Work to complete: All of the data should be given again word for word, though the images are to be left out.
++++ Information supplied
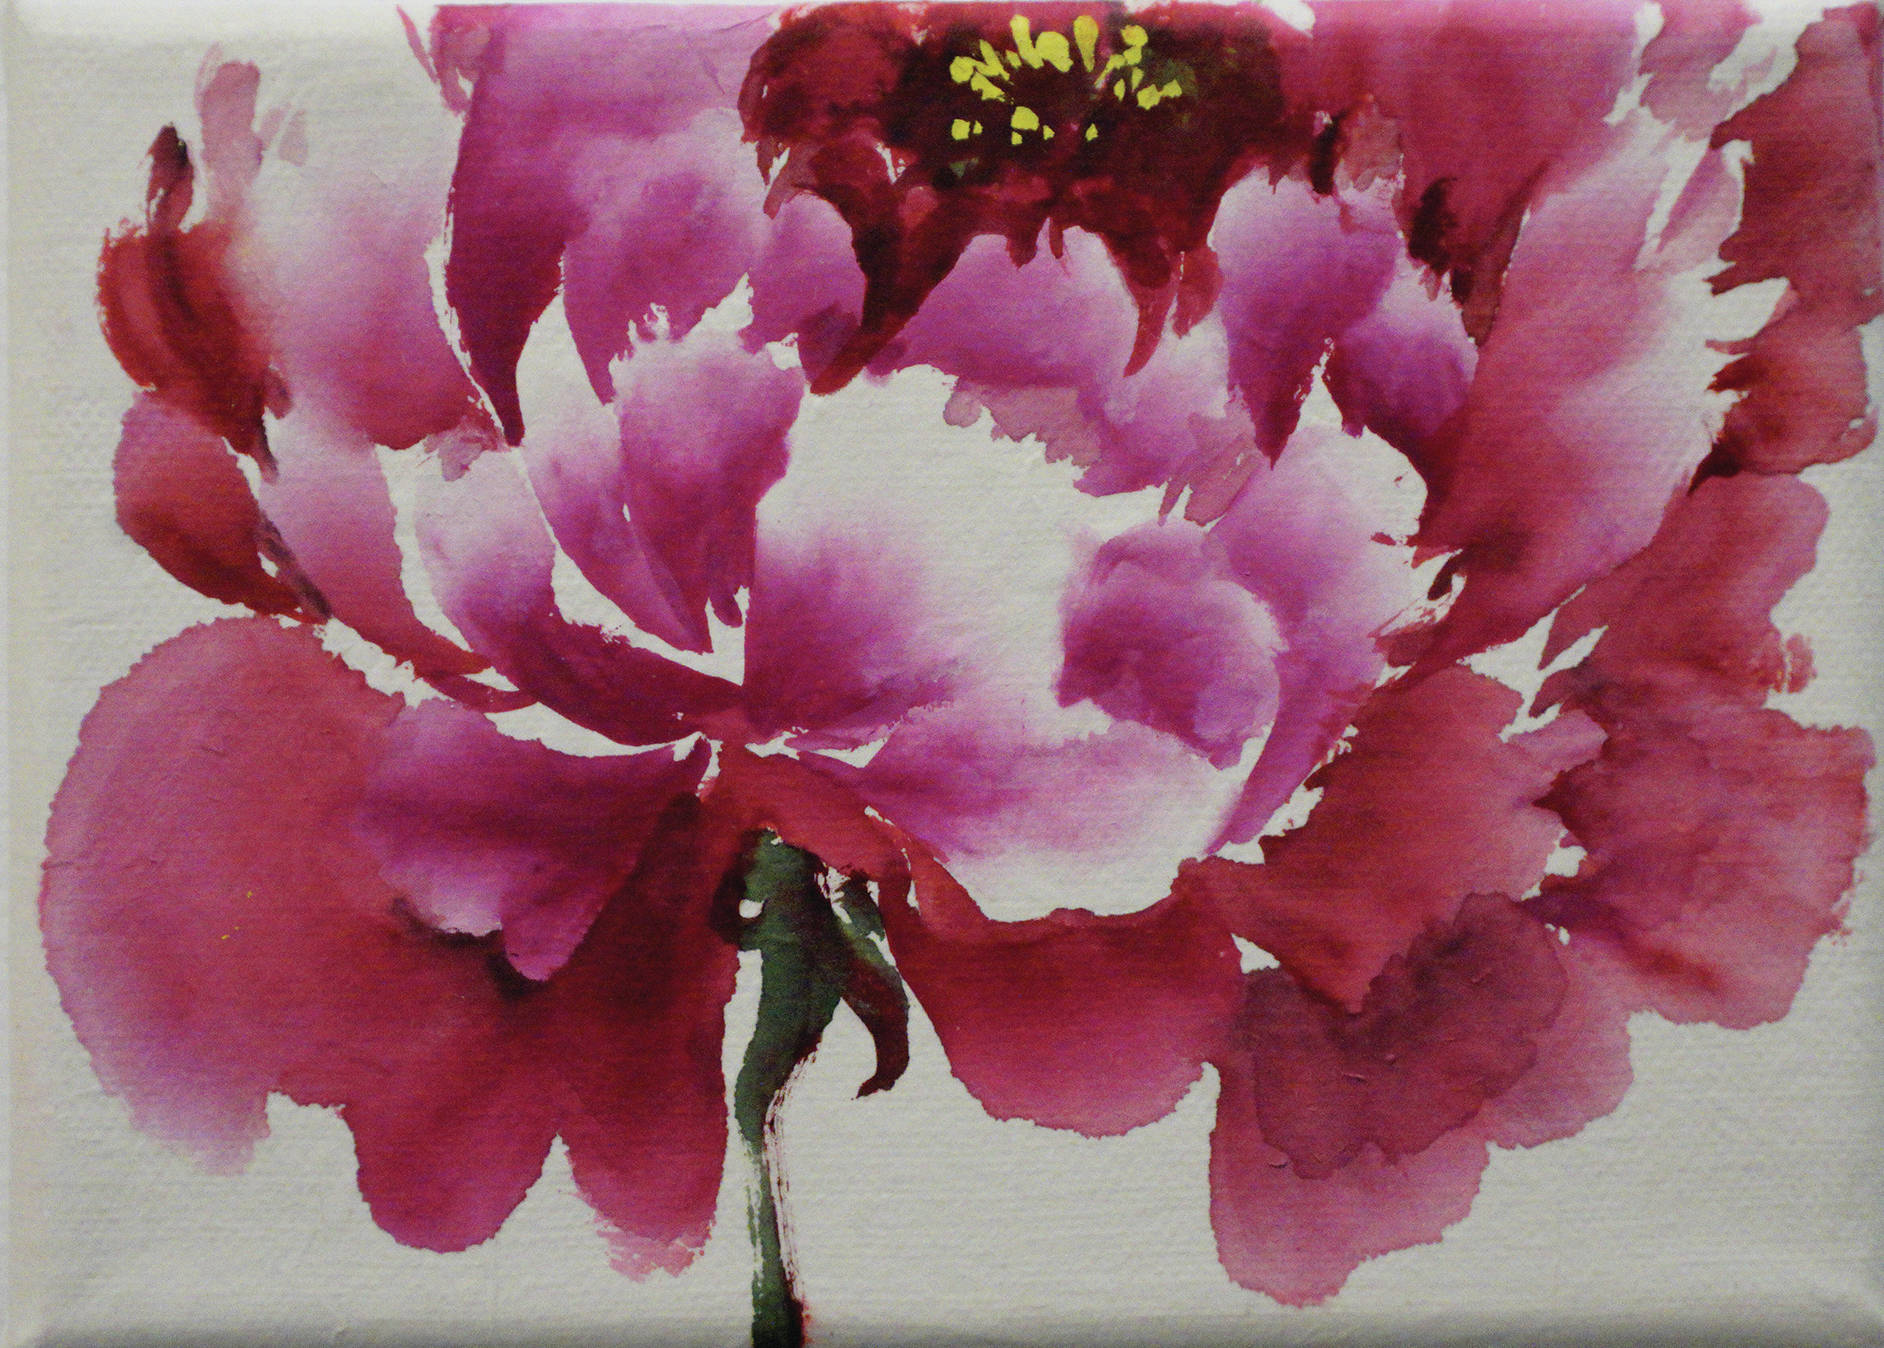 Sharlen Cline’s “Peony” is one of the pieces in the 5x7 show at the Homer Council on the Arts that opened on Nov. 1, 2019, in Homer, Alaska. (Photo by Michael Armstrong/Homer News)
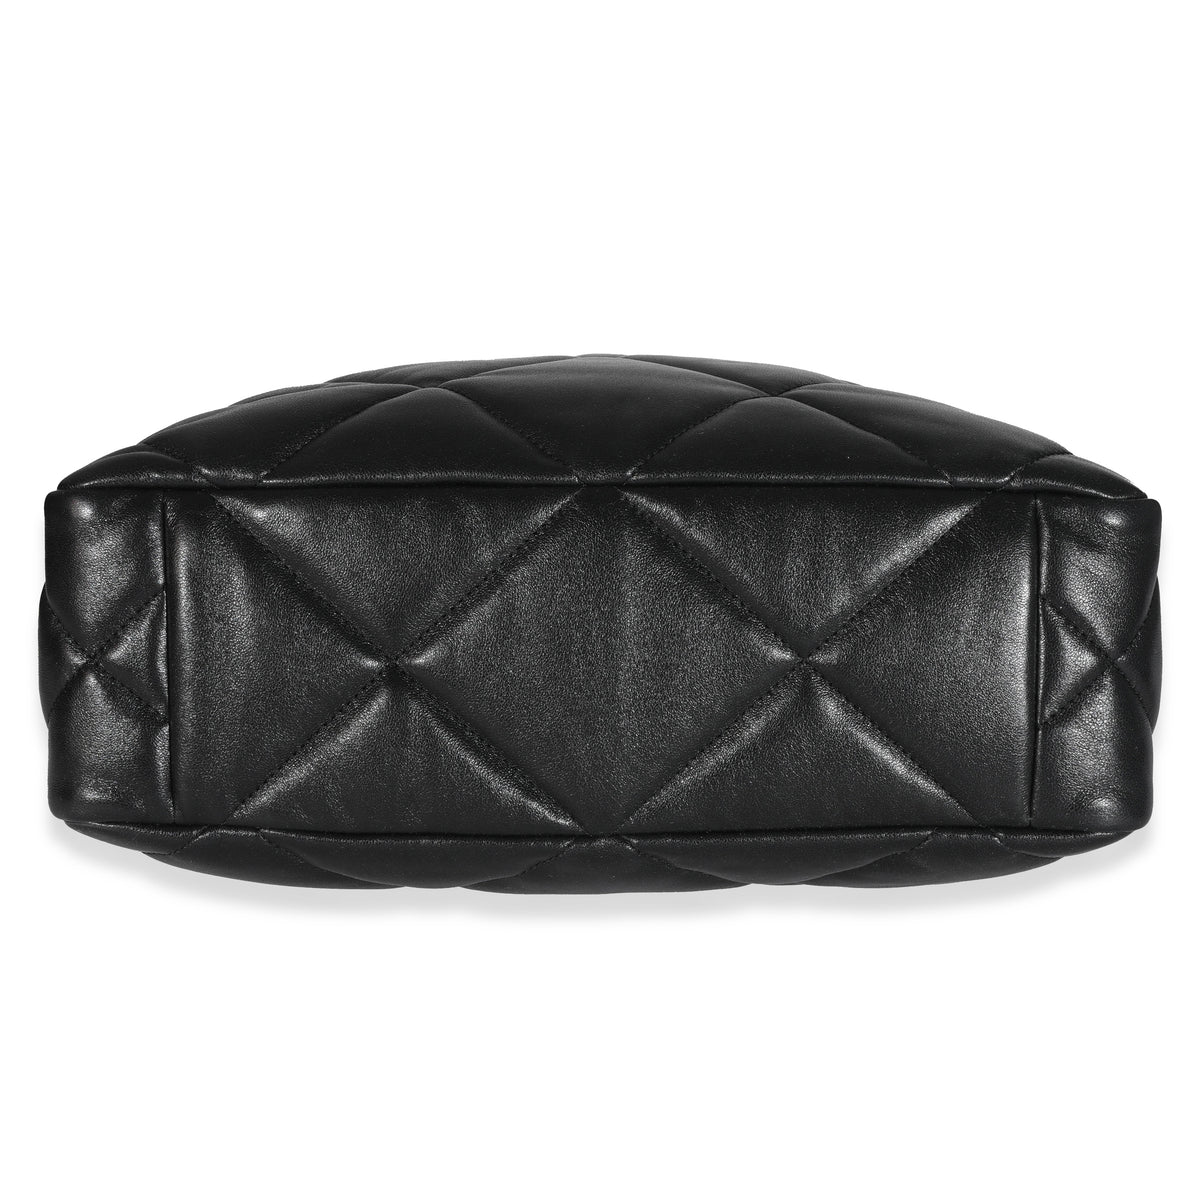 Chanel Black Lambskin Quilted Chanel 19 Shopping Bag, myGemma
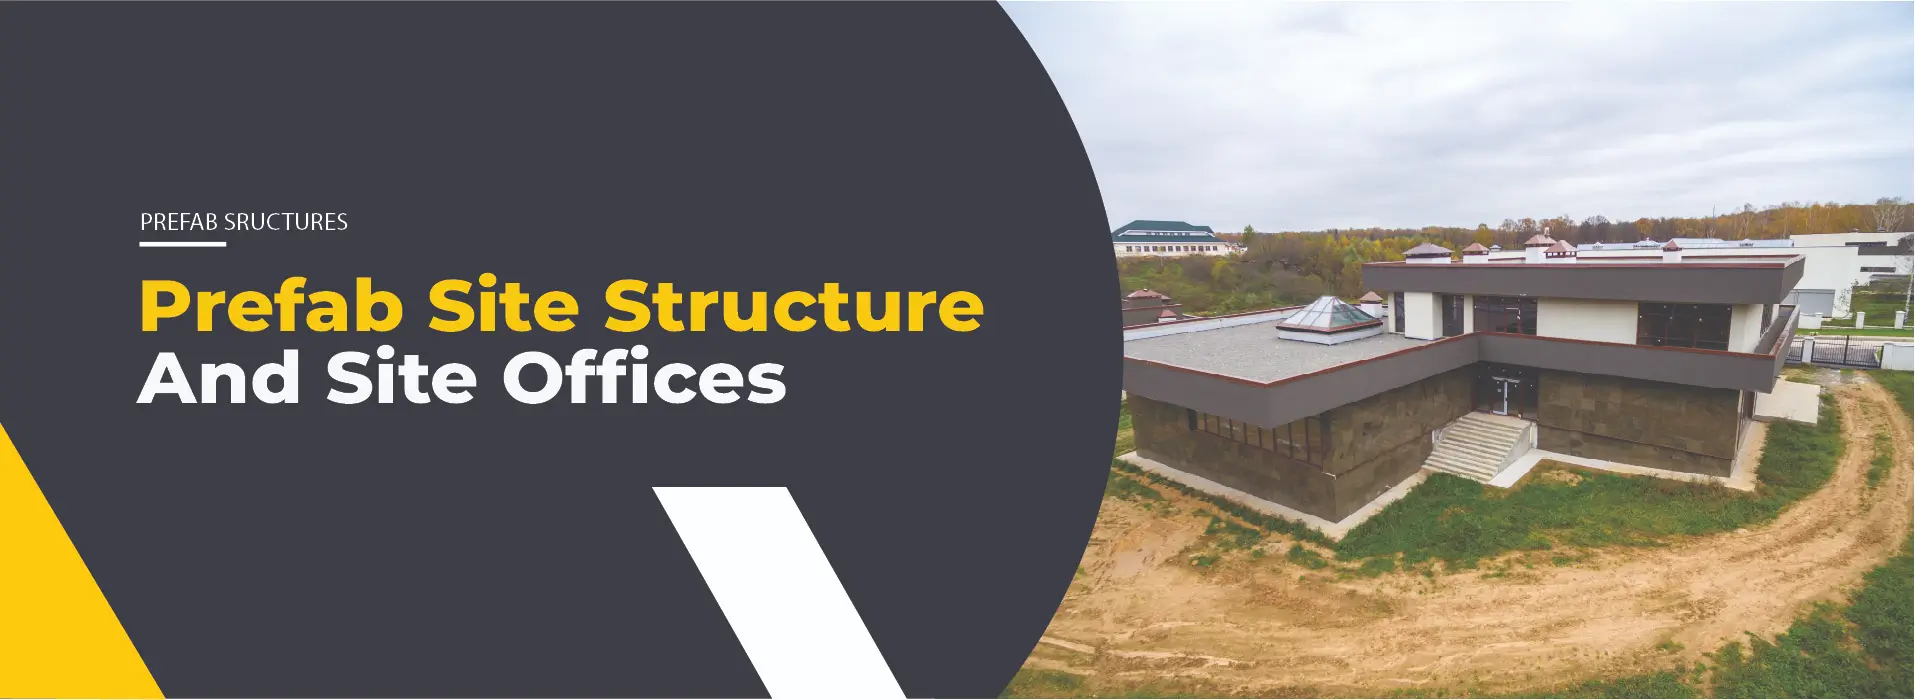 Prefab Site structure And Site Offices
++++++++
Result of the exercise:
 Sharlen Cline’s “Peony” is one of the pieces in the 5x7 show at the Homer Council on the Arts that opened on Nov. 1, 2019, in Homer, Alaska. (Photo by Michael Armstrong/Homer News)
 Chanel Black Lambskin Quilted Chanel 19 Shopping Bag, myGemma
 Prefab Site structure And Site Offices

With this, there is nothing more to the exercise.